Return exactly the lines below, starting with the one that has "Huge bonus for this backyard!" and going on through the one that has "Uomo Vans Kyle".

EXERCISE MATERIALS

####################

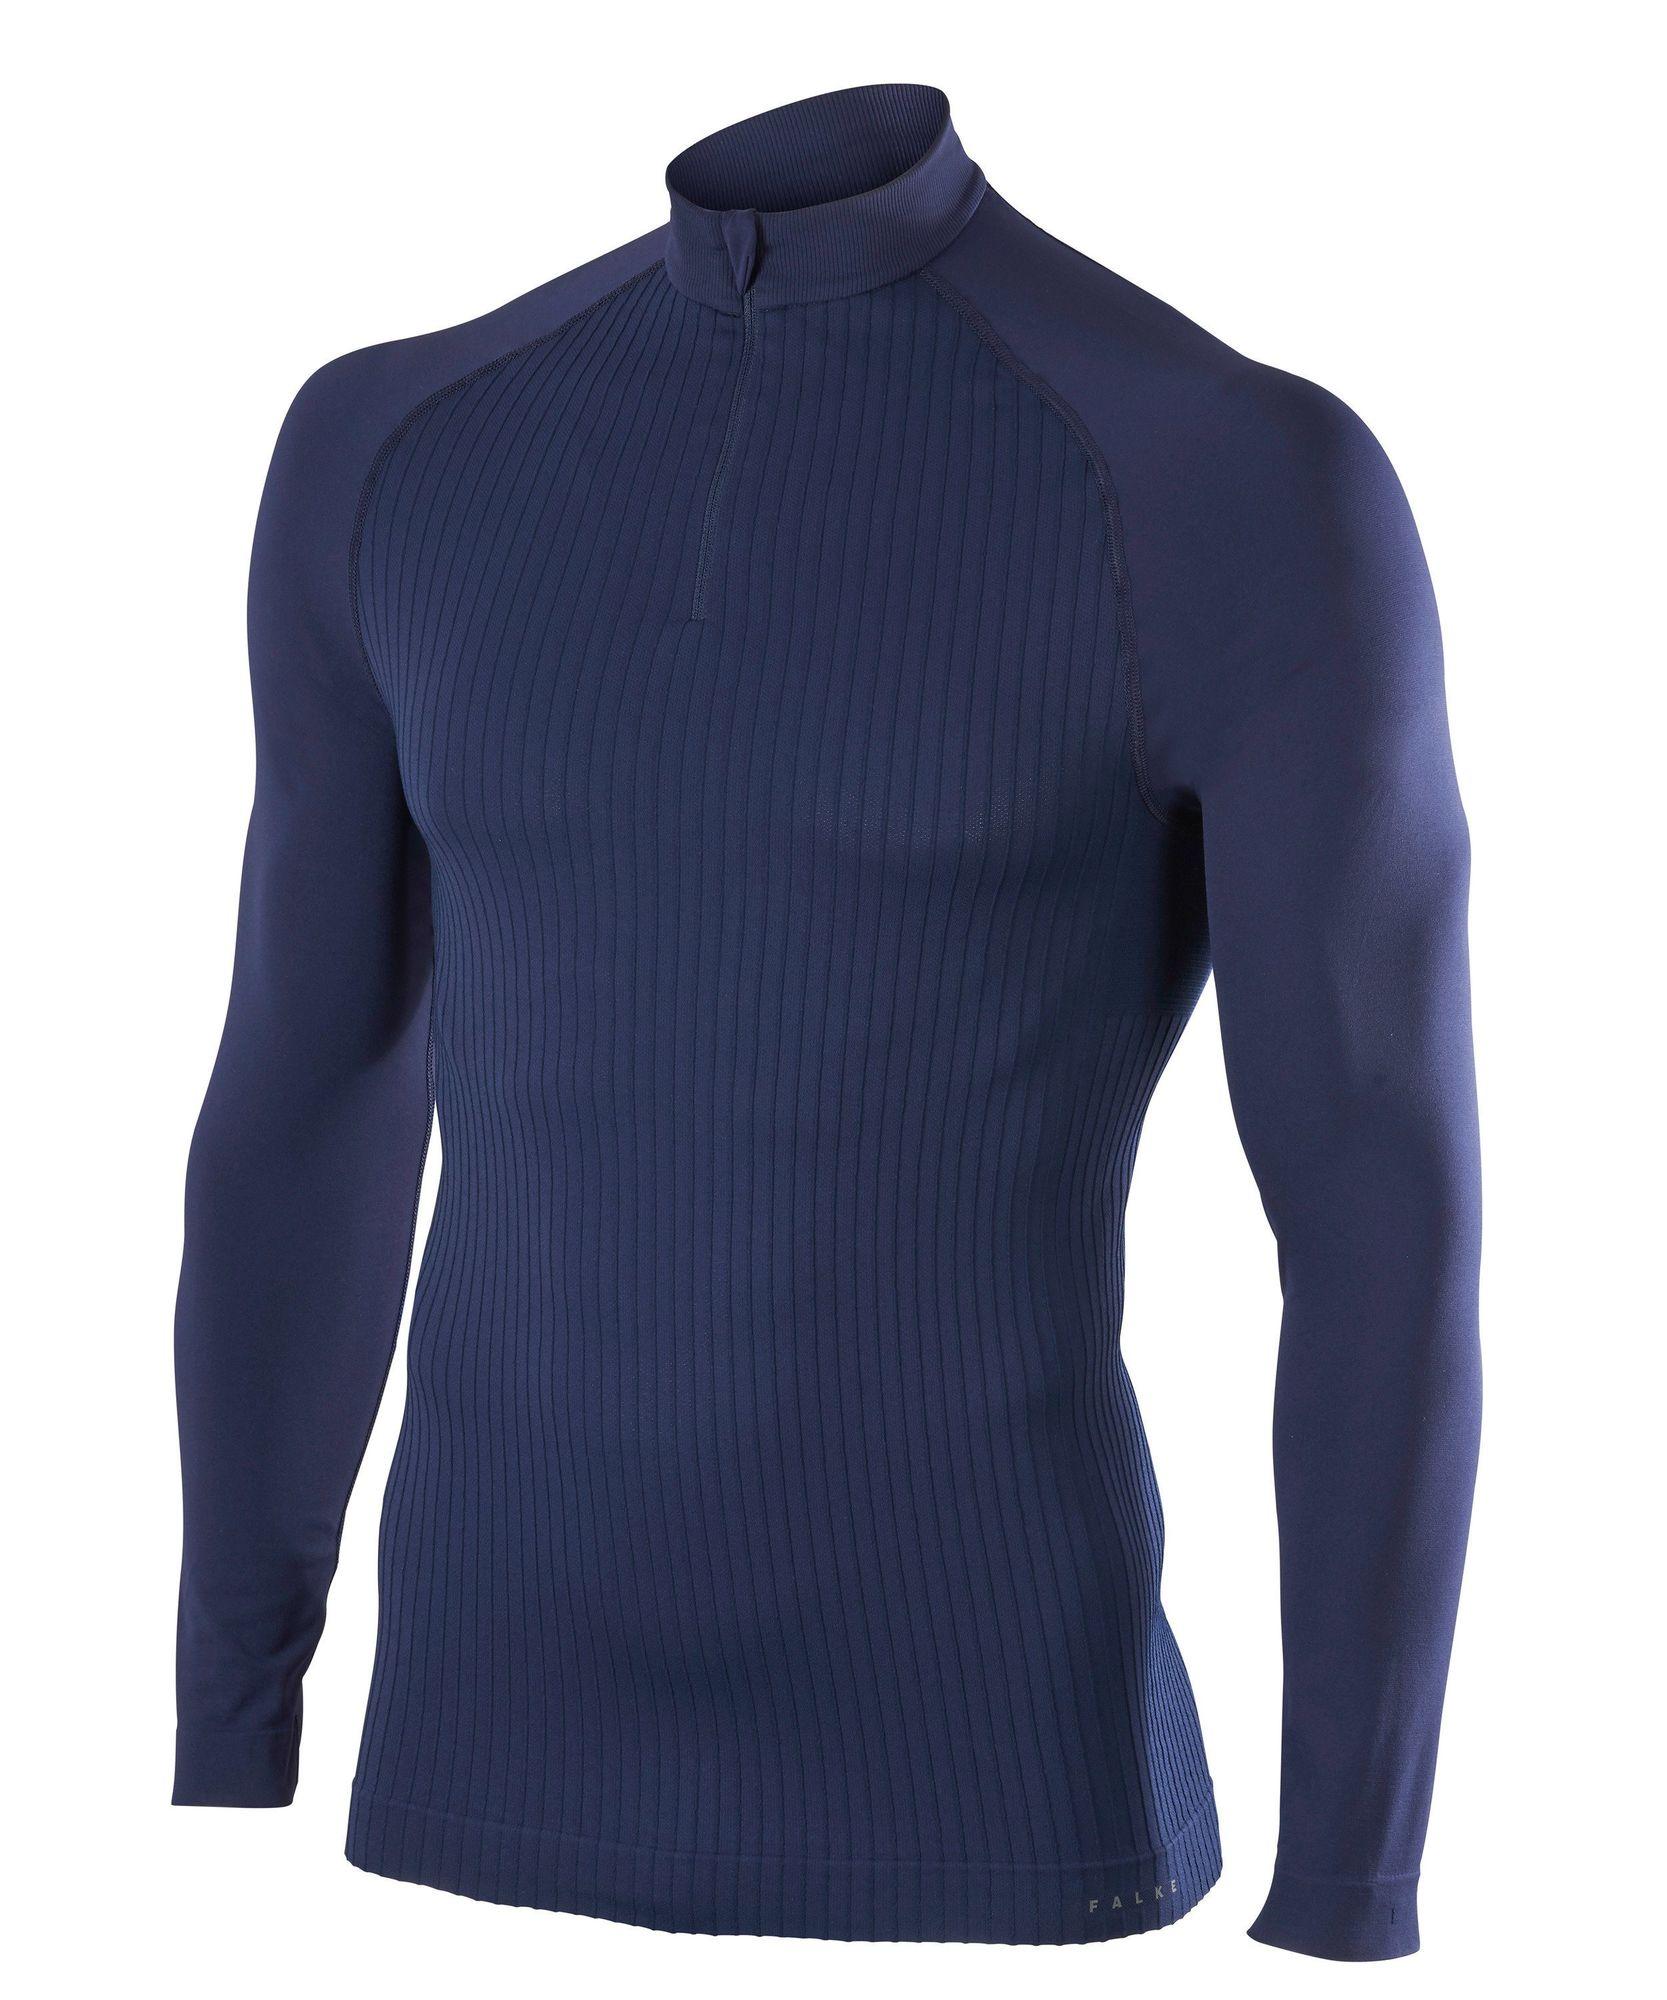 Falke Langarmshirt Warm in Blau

####################

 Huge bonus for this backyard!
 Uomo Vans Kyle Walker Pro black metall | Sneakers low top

####################

EXPECTED OUTPUT
 Huge bonus for this backyard!
 Uomo Vans Kyle Walker Pro black metall | Sneakers low top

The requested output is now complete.